Danish actress and television presenter

Lotte Wæver (born 17 February 1942) is a Danish former actress and television presenter. She is best known for hosting the Eurovision Song Contest in .

== Career ==

=== Television ===
During her time in university, Wæver worked as one of the first female continuity announcers in Danmarks Radio (DR).

She is best known for presenting the Eurovision Song Contest in Copenhagen in 1964, a position for which she says she was chosen over her peers because of her willingness to do it.

The contest was famously overshadowed by a political protest from a man who trespassed onto the stage holding a banner reading "Boycott Franco and Salazar". In an interview in 2001, Wæver revealed that while she was visibly shaken by the protester, the incident did not affect her in the slightest because, as the presenter of the contest, when the light above the camera was on, her attention was focused on the camera.

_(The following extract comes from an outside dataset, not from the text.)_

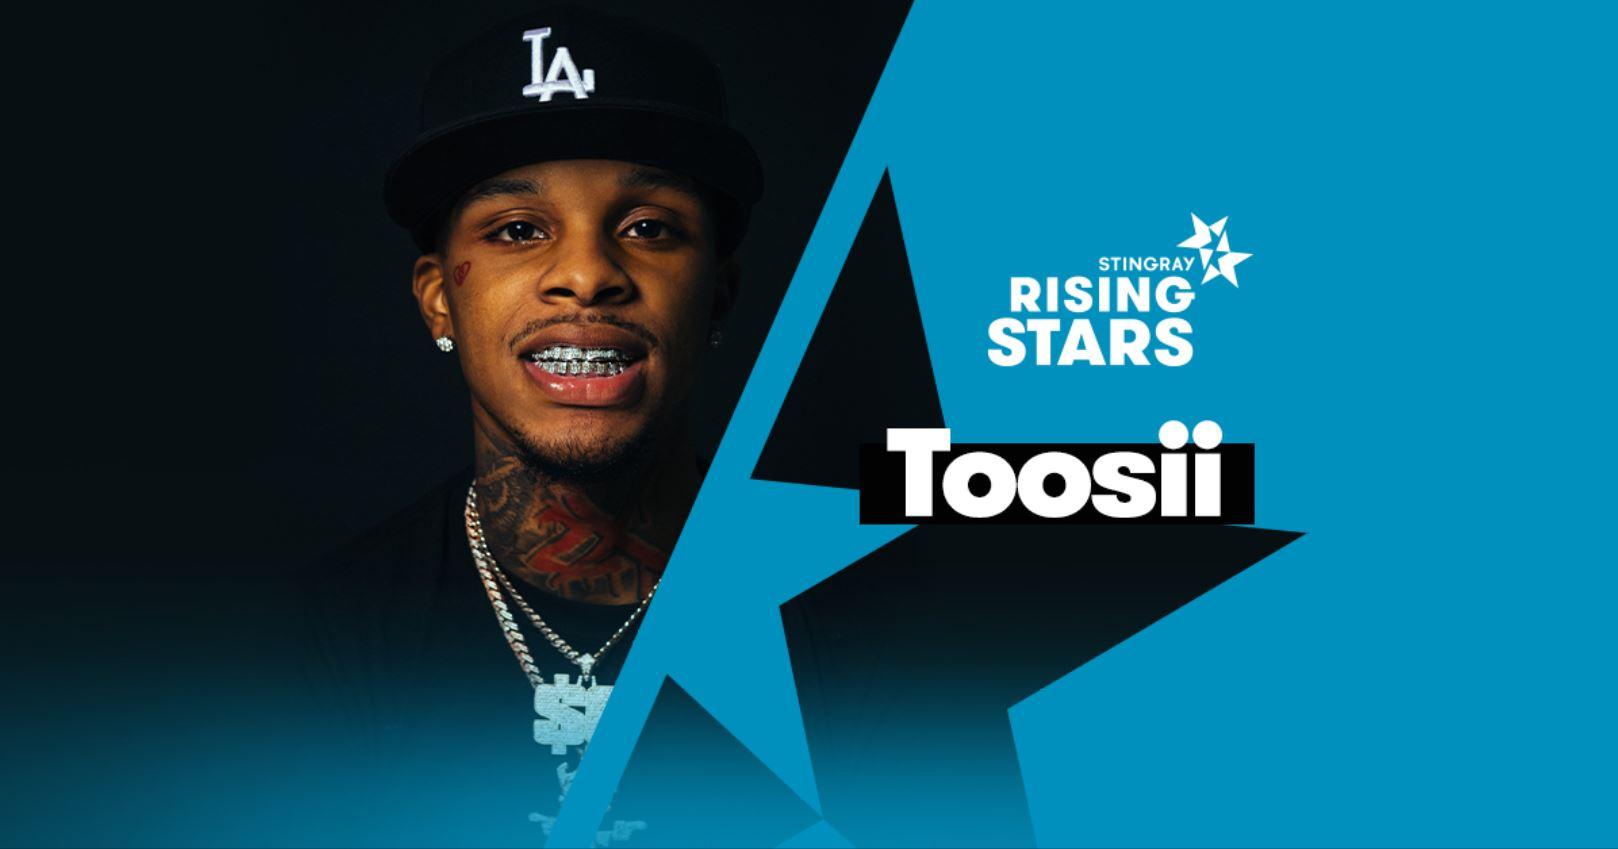 toosii interview stingray rising stars
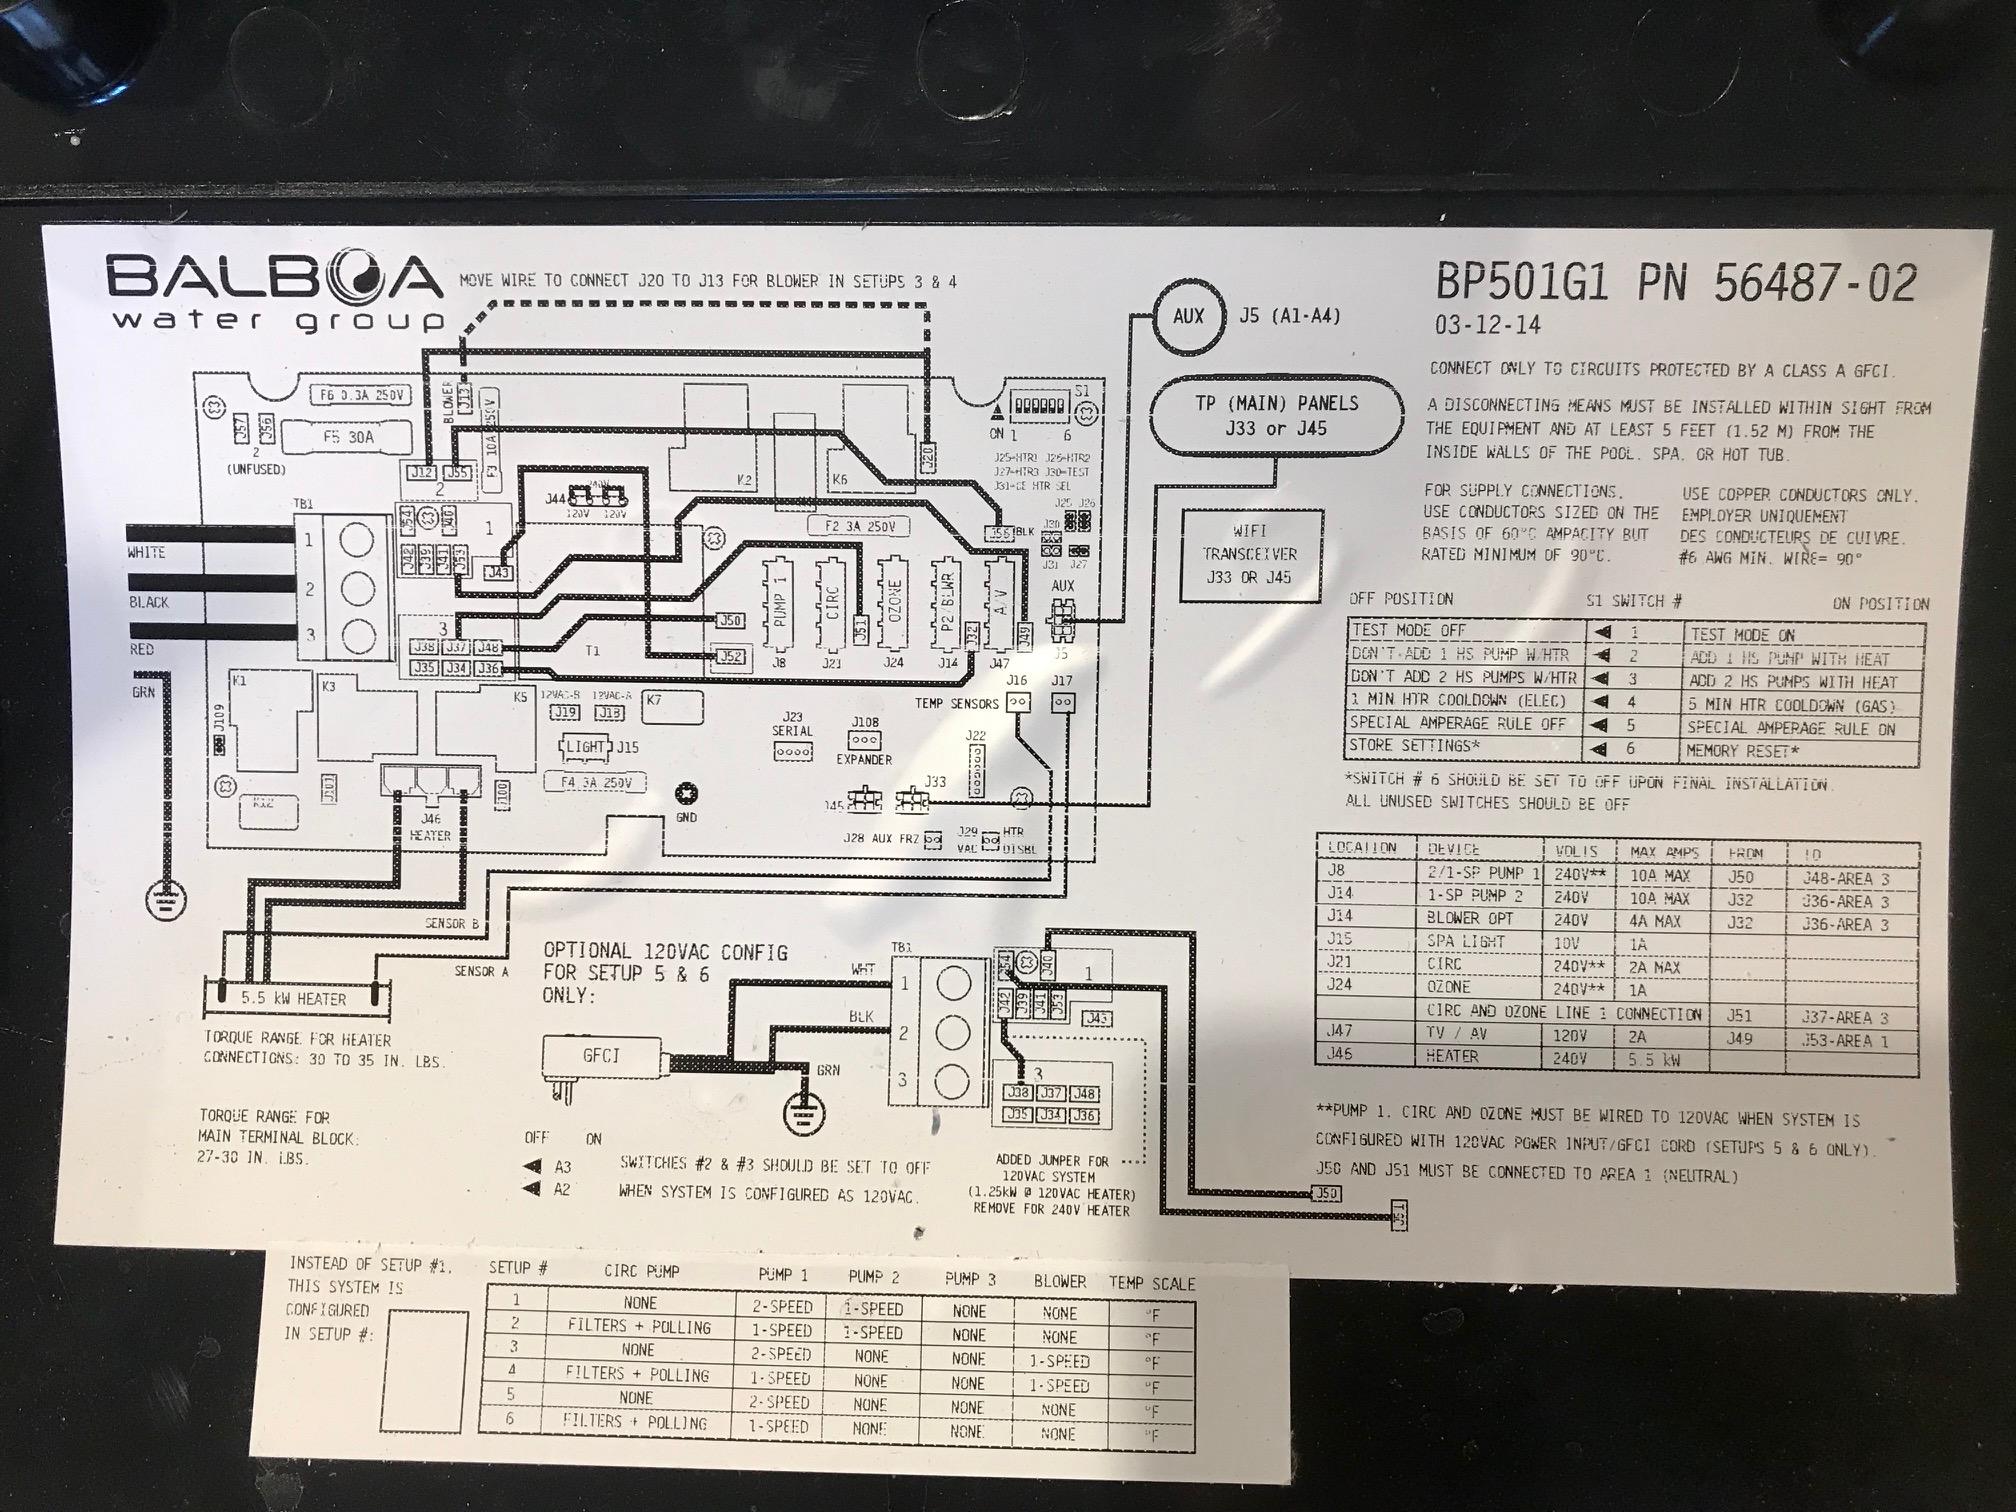 Balboa Hs Vs Wiring Diagram on

Commenting on the significance of presenting the largest event hosted by DR at the time, she was nostalgic when thinking how primitive and technologically innocent it was, adding that the concert was "much bigger than she had imagined. It is something else now."

=== Film ===
Wæver's first acting role was as Ellen in the 1969 film Midt i en jazztid, which represented Denmark at that year's Moscow International Film Festival.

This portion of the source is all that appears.